## Your assignment
Each entry is to be retyped exactly as it appears. Leave the images out.

------ Task material

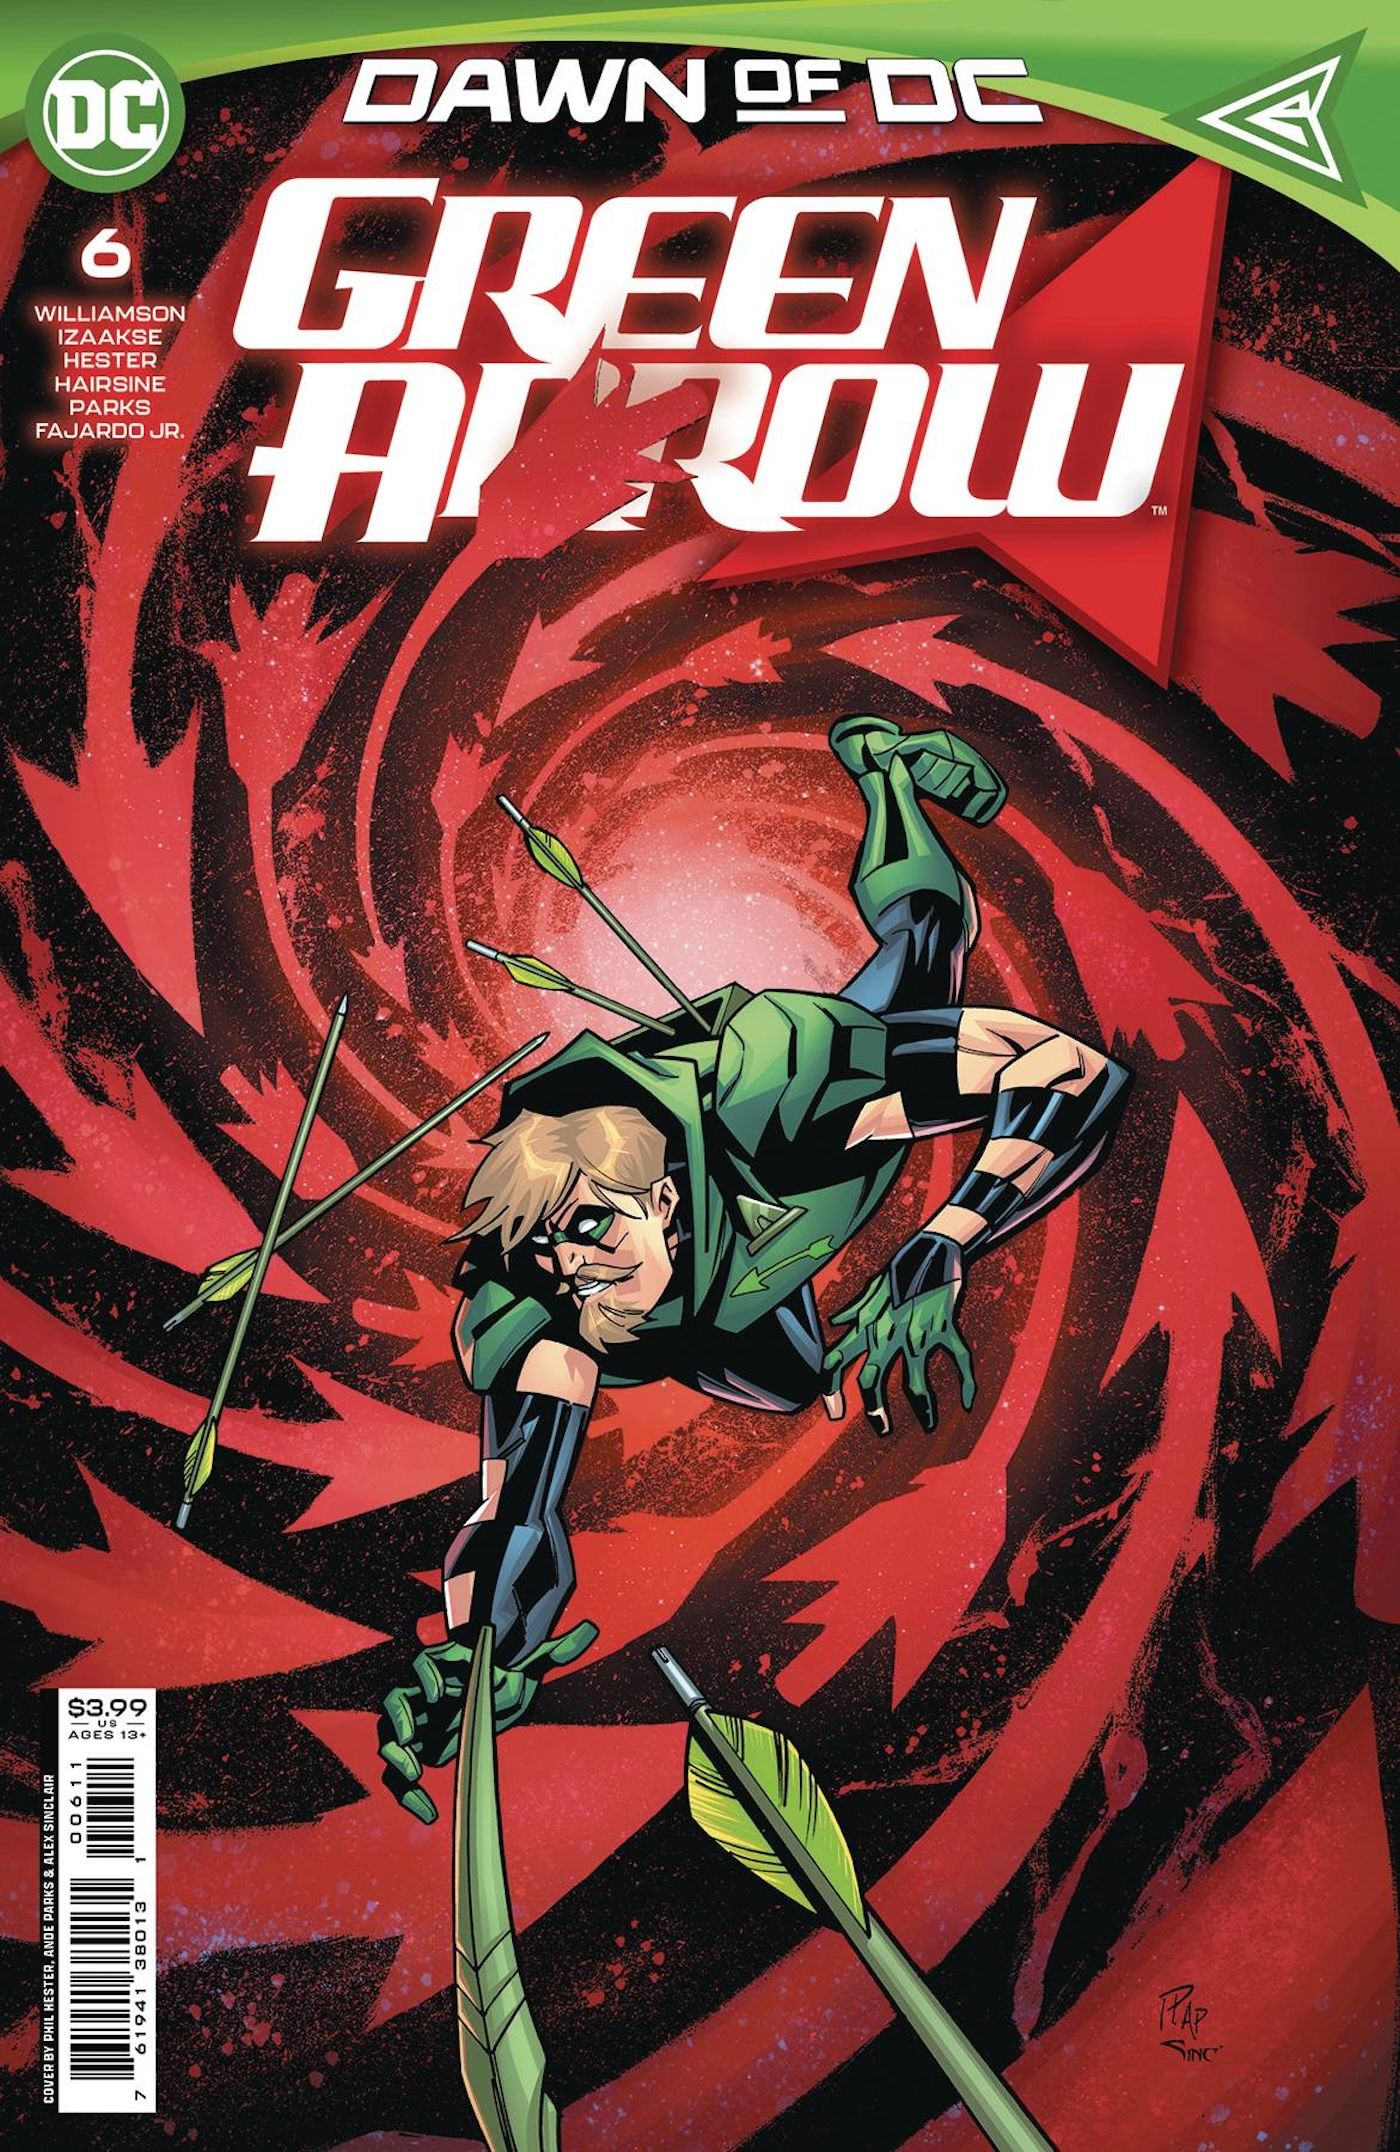 Portada principal de Green Arrow 6: Superhéroe disfrazado Green Arrow cayendo en un remolino rojo con flechas a su alrededor.
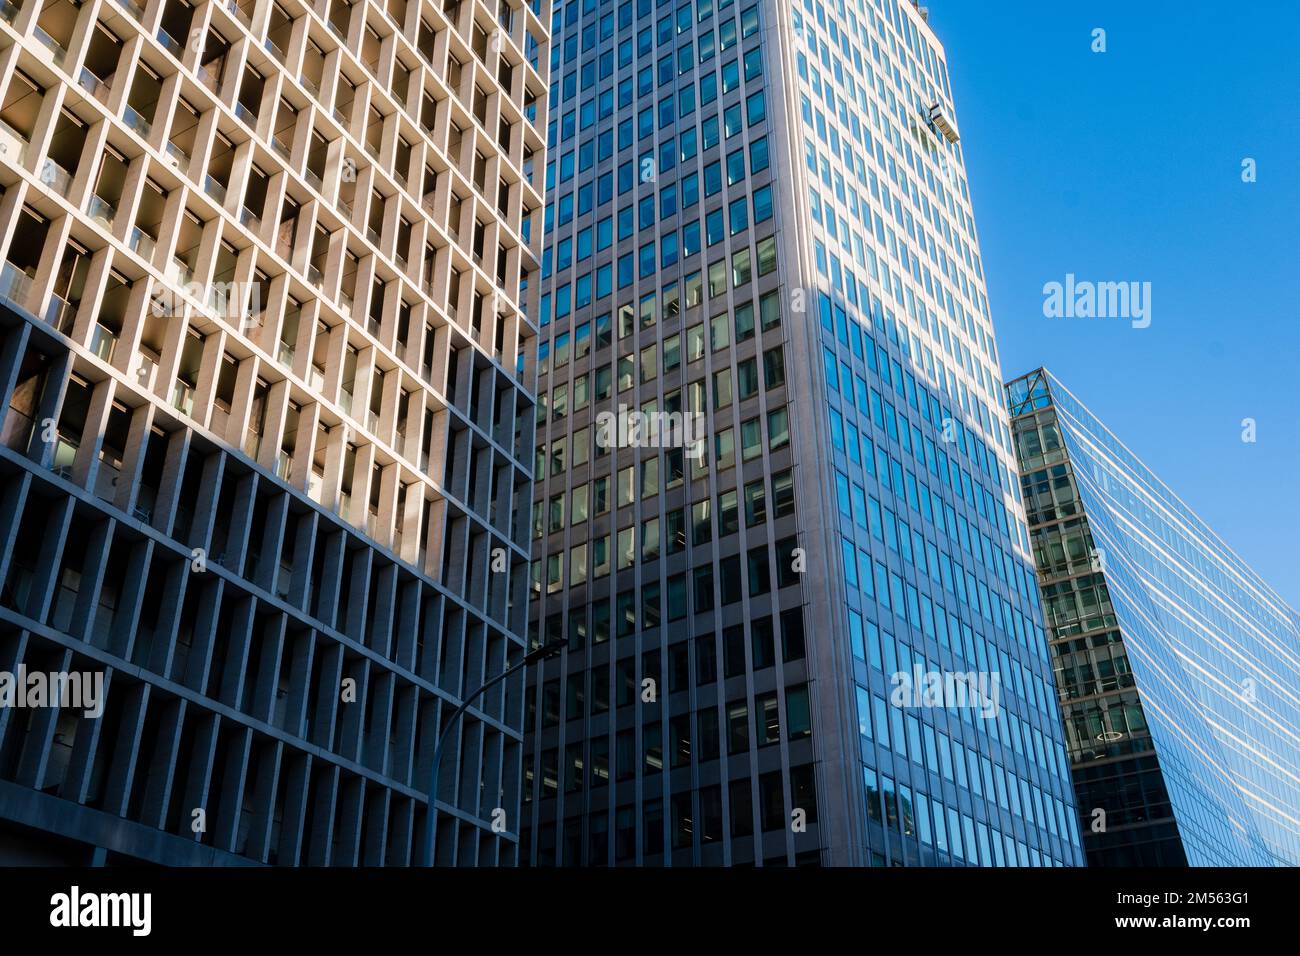 Nettoyage des fenêtres sur l'architecture contemporaine de bureau, Londres Banque D'Images
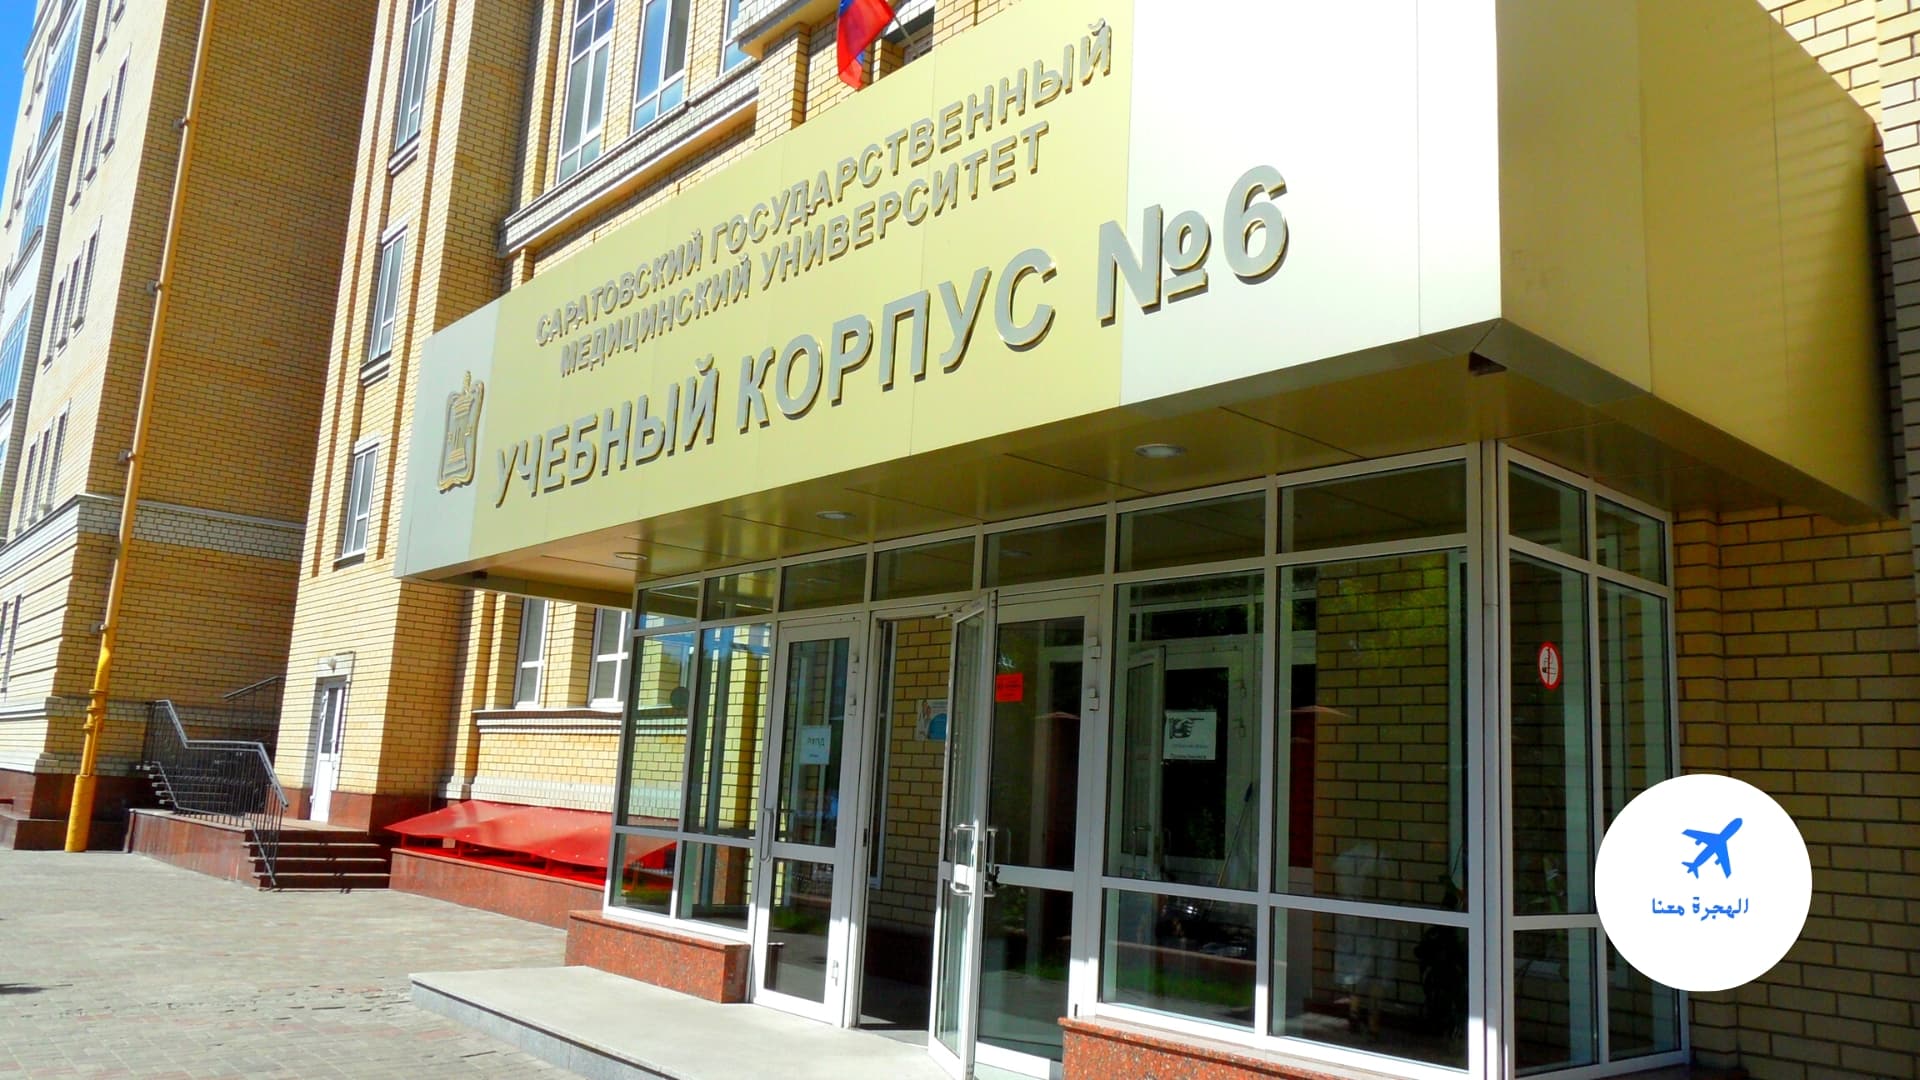 مصاريف جامعة ساراتوف الطبية الحكومية
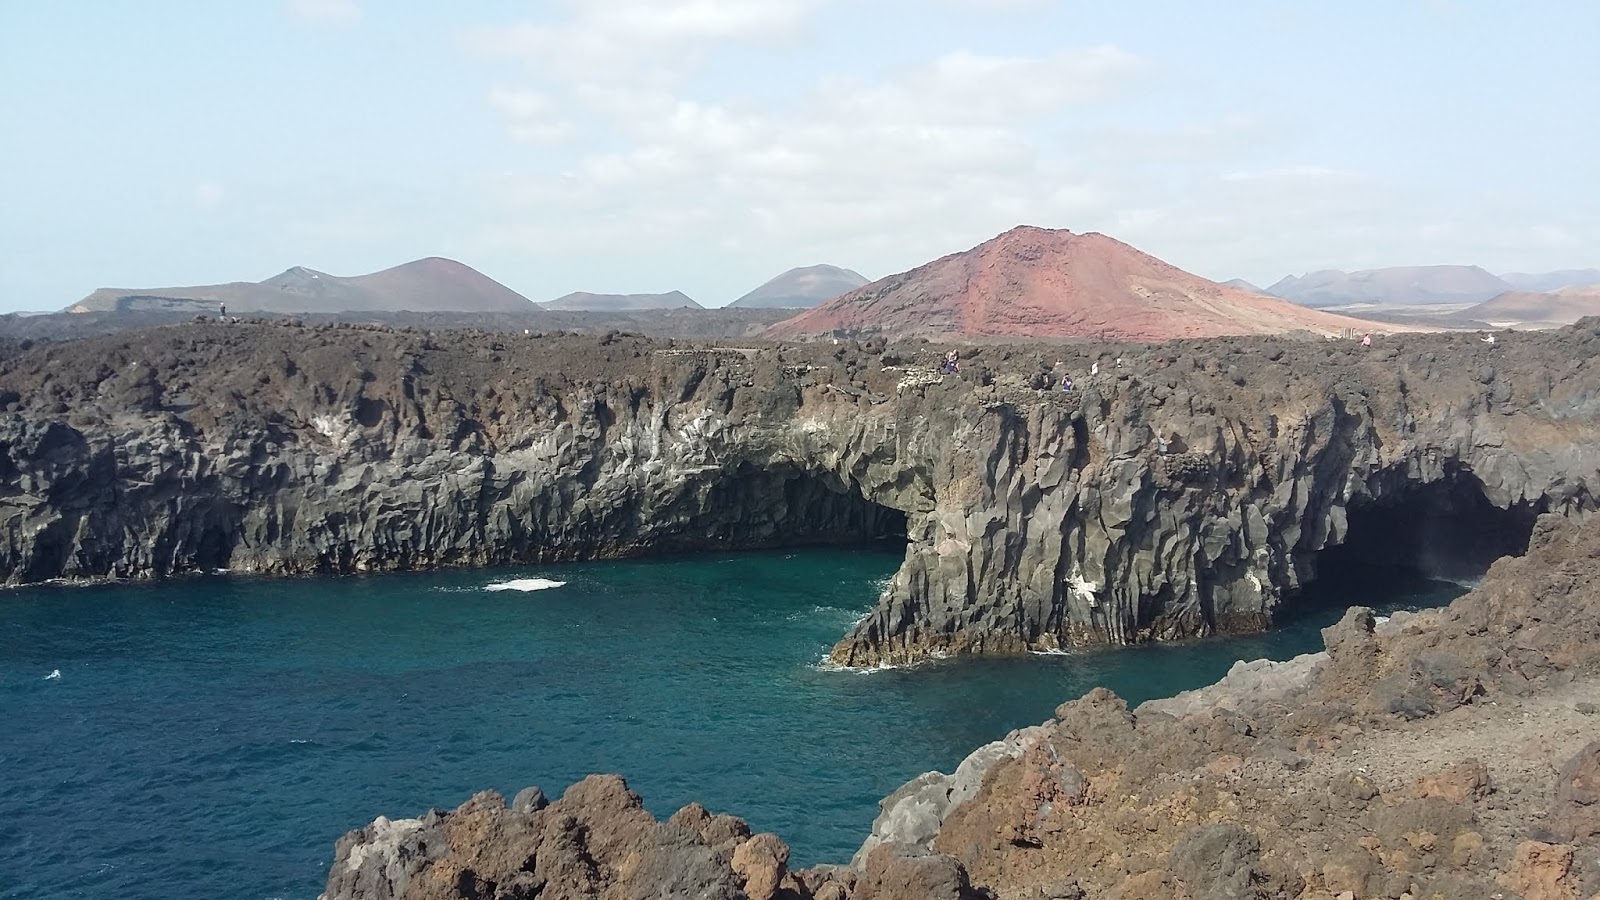 Explorando El Golfo - Lanzarote, playas y pateos (2)
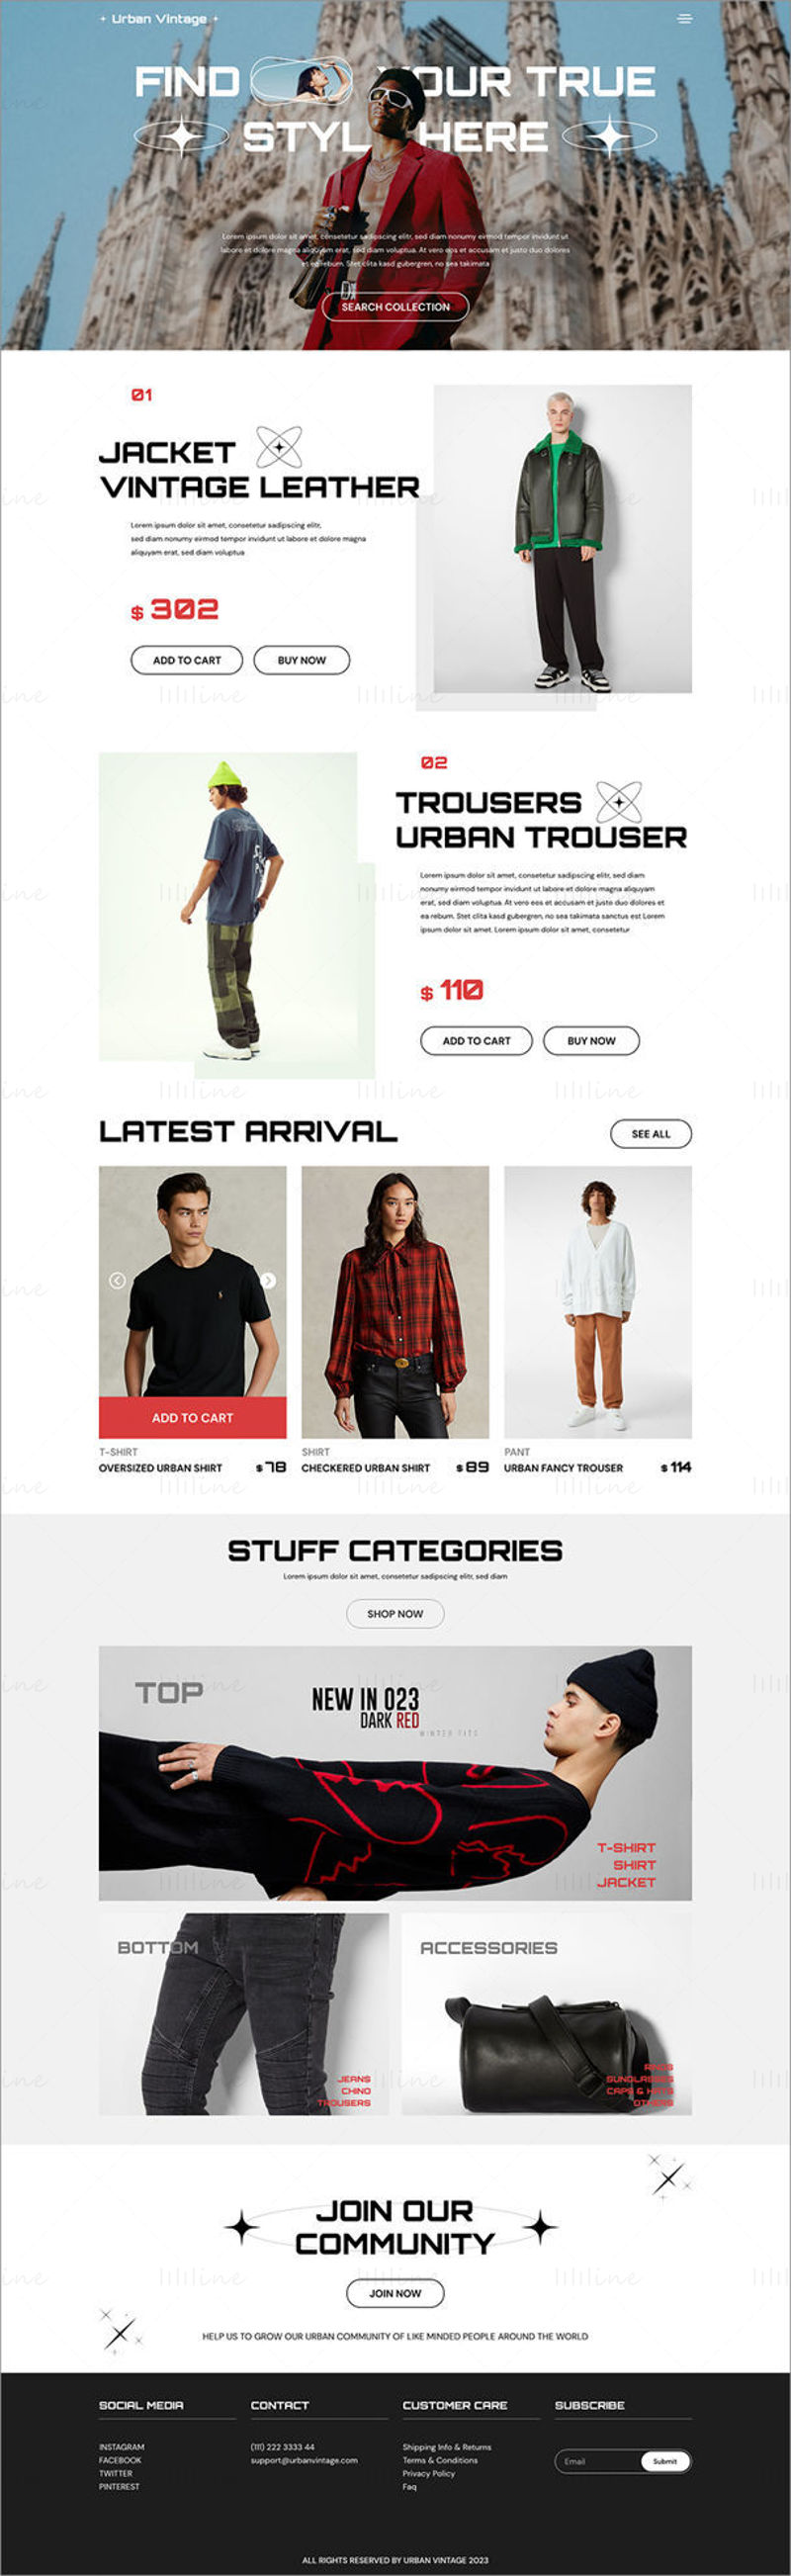 Modèle d'interface utilisateur de site Web de vente de vêtements urbains vintage - UI Adobe XD

------------

## Output for this exercise
 Portada principal de Green Arrow 6: Superhéroe disfrazado Green Arrow cayendo en un remolino rojo con flechas a su alrededor.
 Nettoyage des fenêtres sur l'architecture contemporaine de bureau, Londres Banque D'Images
 مصاريف جامعة ساراتوف الطبية الحكومية
 Explorando El Golfo - Lanzarote, playas y pateos (2)
 Modèle d'interface utilisateur de site Web de vente de vêtements urbains vintage - UI Adobe XD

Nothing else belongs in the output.